If it accepts the processor from the Catalog, the resource provider will return an access token to the Catalog that the Client can use to invoke the processor. However, for security purposes, the Catalog does not release this immediately to the Client. Instead it redirects the dataware user's browser to the Client's redirect_uri (as specified in §2.1), attaching an authorization code along with the state identifier specified by the client in their submission. For example the Client could be contacted via:
GET REDIRECT_URI?state=1234&code=HTQljz7Agfr2P1ckdPP9Lqrz4BJlNDAqHKS54QDL5cM=
The Client now has an authorization_code in its possession, and can proceed to the step of swapping this for the access token proper.
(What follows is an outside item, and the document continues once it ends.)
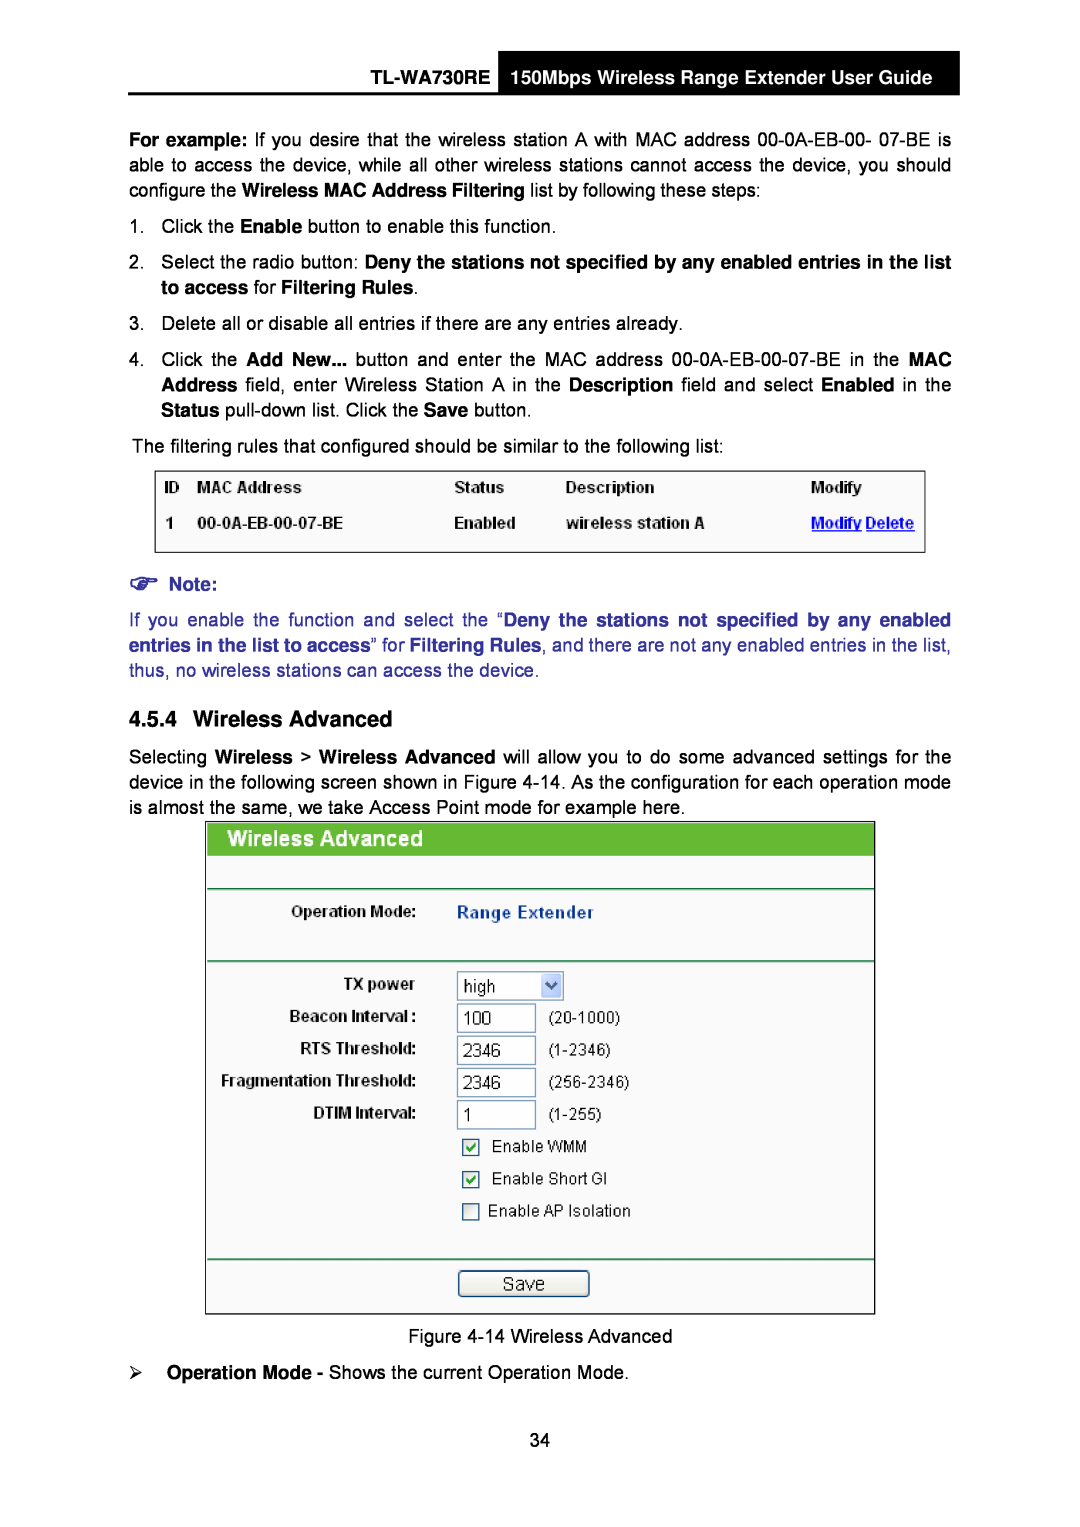 TP-Link manual Wireless Advanced, TL-WA730RE 150Mbps Wireless Range Extender User Guide

It does this by performing a GET request the to the access endpoint, attaching the redirect_uri it specified when registering with the Catalog (see §1.1), as well as the request's authorization code (see §3.2) and a grant_type parameter of "authorization_code", again in line with oauth-v2-22). For example the Client would issue a request such as:
GET access?grant_type=authorization_code
&redirect_uri=https%3A%2F%2Fexample%2Ecom%2Fredirect
&code=HTQljz7Agfr2P1ckdPP9Lqrz4BJlNDAqHKS54QDL5cM=
If all is in order the Catalog will finally release the access_token, by answering the GET request with the following JSON response:
{"success":true,"access_token":ACCESS_TOKEN,"resource_access_uri":RESOURCE_ACCESS_URI}
The access_token can now be used directly with the resource provider via the supplied resource_access_uri. The state attribute is the one specified by the Client when the processing request was made. With this data in hand, the Client's negotiation with the Catalog is now complete.
If there is a problem then the notification will return a failure response explaining why, such as:
{"success":false,"error":"invalid_request", "Request is missing either the authorization code or redirect_uri"}
Possible error reasons are unsupported_grant_type (if the grant_type is incorrectly specified), "invalid_request" (the request is missing either the authorization code or redirect_uri), " invalid_grant" (the requested authorization code/redirect_uri pair is either invalid or has expired) or "server_error" (The Catalog encountered unexpected problems, preventing it from fulfilling the request).
With a valid access token in its possession, the Client can now query the resource provider, asking it to invoke the processor it has had authorized by the Catalog . The Client achieves this by making a GET request to the Dataware Resource's invoke_processor endpoint, using as parameters the access_token it obtained (see §4), as well as any parameters that are necessary for the invocation of the python function tied to the request.
GET RESOURCE_ACCESS_URI/invoke_processor
?access_token=ACCESS_TOKEN¶meters=JSON_OBJECT_OF_PARAMETERS
If the user has revoked access, the supplied access token has expired, or there are any other problems the resource provider will fail the invocation, issuing an HTTP 400, and returning the following JSON error in the body of the message:
{
"success":false,
"error":"invalid_grant",
"error_description":"Error validating access token."
}
An exact list of error messages and descriptions are specified by the resource provider, and outside the scope of this protocol.
However, if all is fine, supplied parameters are converted from JSON into python types, fed into the run function of the registered processor (that the Dataware Resource has cross referenced to the supplied access token) and the processor code invoked. The code will be processed and a success message will be returned to the Client (again in JSON), including the results of the processing:
{
"success":true,
"return":JSON_REPRESENTATION_OF_PROCESSOR_OUTPUT
}
If for some reason processing fails (perhaps parameters fail invaraince checks for example), an error message should be returned in the form:
{
"success":false,
"error":"processing_exception",
"error_description":"run-time error running the processor. Invariance checks failed."
}
Again individual resource providers will specify appropriate error messages for their particular implementations.